In recent years, the cult of celebrity helped drive sales in fragrances with more shelf space devoted to pop stars, actors, fashion labels, models and even authors. Although the risks of celebrity endorsement are apparent—the selling power of particular icons is only as strong as their image—the trend shows no sign of abating. Kylie Minogue is the latest star to jump on the bandwagon with an agreement with Coty, which also works with Jennifer Lopez, Sarah Jessica Parker and Victoria and David Beckham.

Coziness with celebrities also has proved successful for Elizabeth Arden, with carefully chosen stars used to generate appeal among a range of consumer groups. With Britney Spears and Hillary Duff targeting the teens to 20s segment, the company is hoping for a hit among baby boomers with its Danielle Steele fragrance.

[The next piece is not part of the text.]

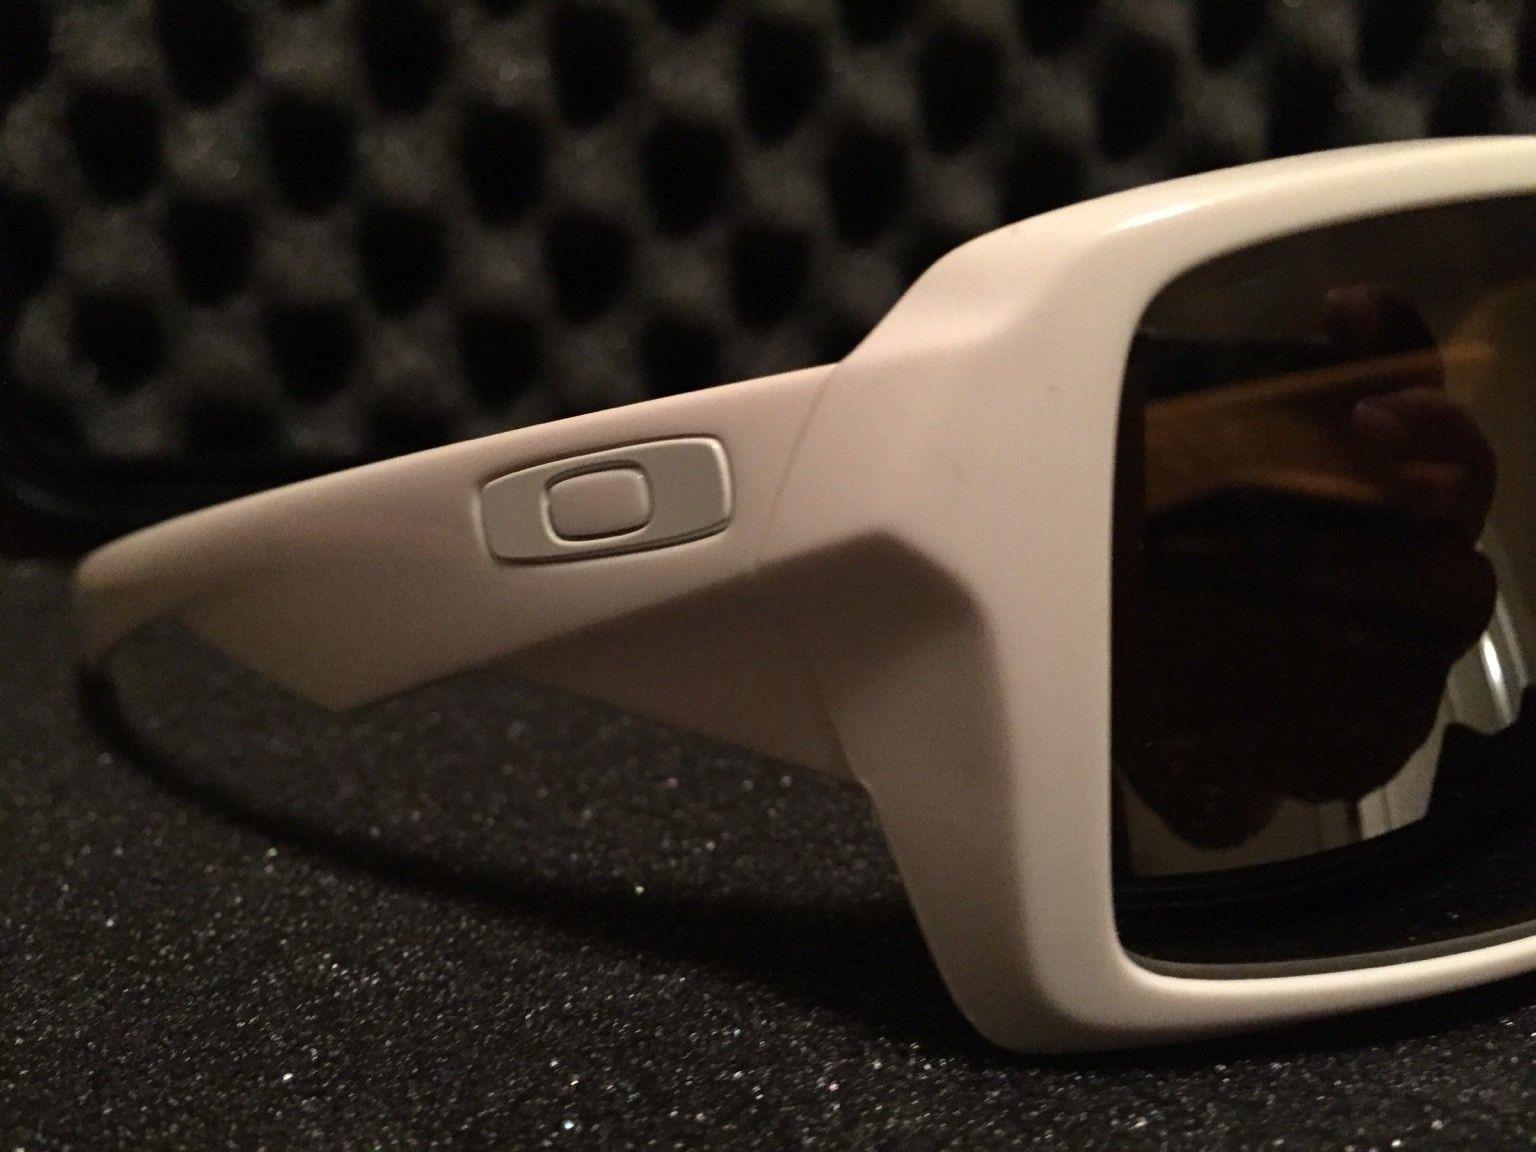 White Eyepatch 1's. Includes unused Titanium Lenses - ImageUploadedByTapatalk1455335852.999781.jpg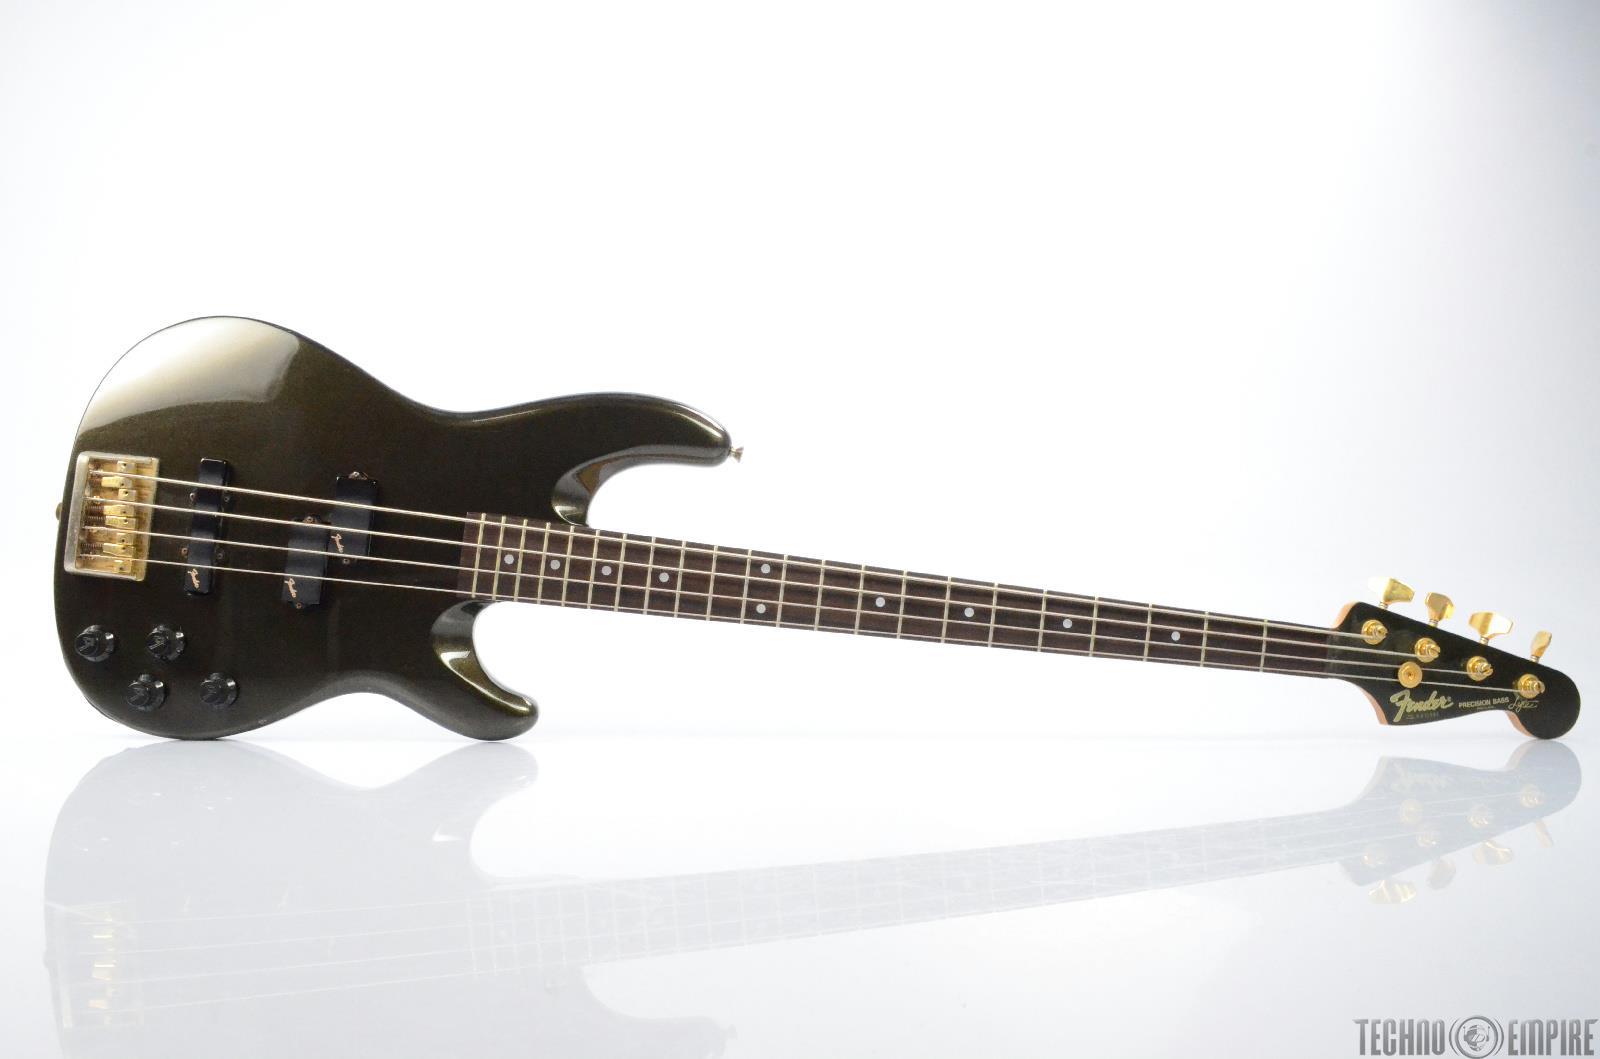 fender precision bass lyte electric guitar w hard case made in japan 26365 ebay. Black Bedroom Furniture Sets. Home Design Ideas

As the celebrity trend becomes more mature, this focus on catering for diverse demographics will enable manufacturers to eke out the sector’s maximum potential. Expanding the consumer core by creating perfumes for new groups such as babies has contributed to sales. Givenchy, Guerlain, Burberry and Bulgari have launched baby fragrances in the U.S., and if fruitful, could take these to other markets.

Tough Run Ahead

Although the power of celebrity remains strong, some of the more innovative launches this year include unusual brand partnerships, such as Eau de Stilton in the U.K. and International Ltd.’s Beautimatic Fragrance Pour Homme in Egypt. The likely success of such novelty launches is questionable.

Strategies more likely to be prosperous in the long-term are those that focus on protecting share in developed markets, and capturing the potential that exists in emerging markets by ensuring endorsements are adapted to local preferences. For example, a fragrance from Bollywood actress Amisha Patel could prove popular in India. With a forecast CAGR of 2.2% to 2010, significantly lower than that of mass fragrances, manufacturers will not have an easy ride.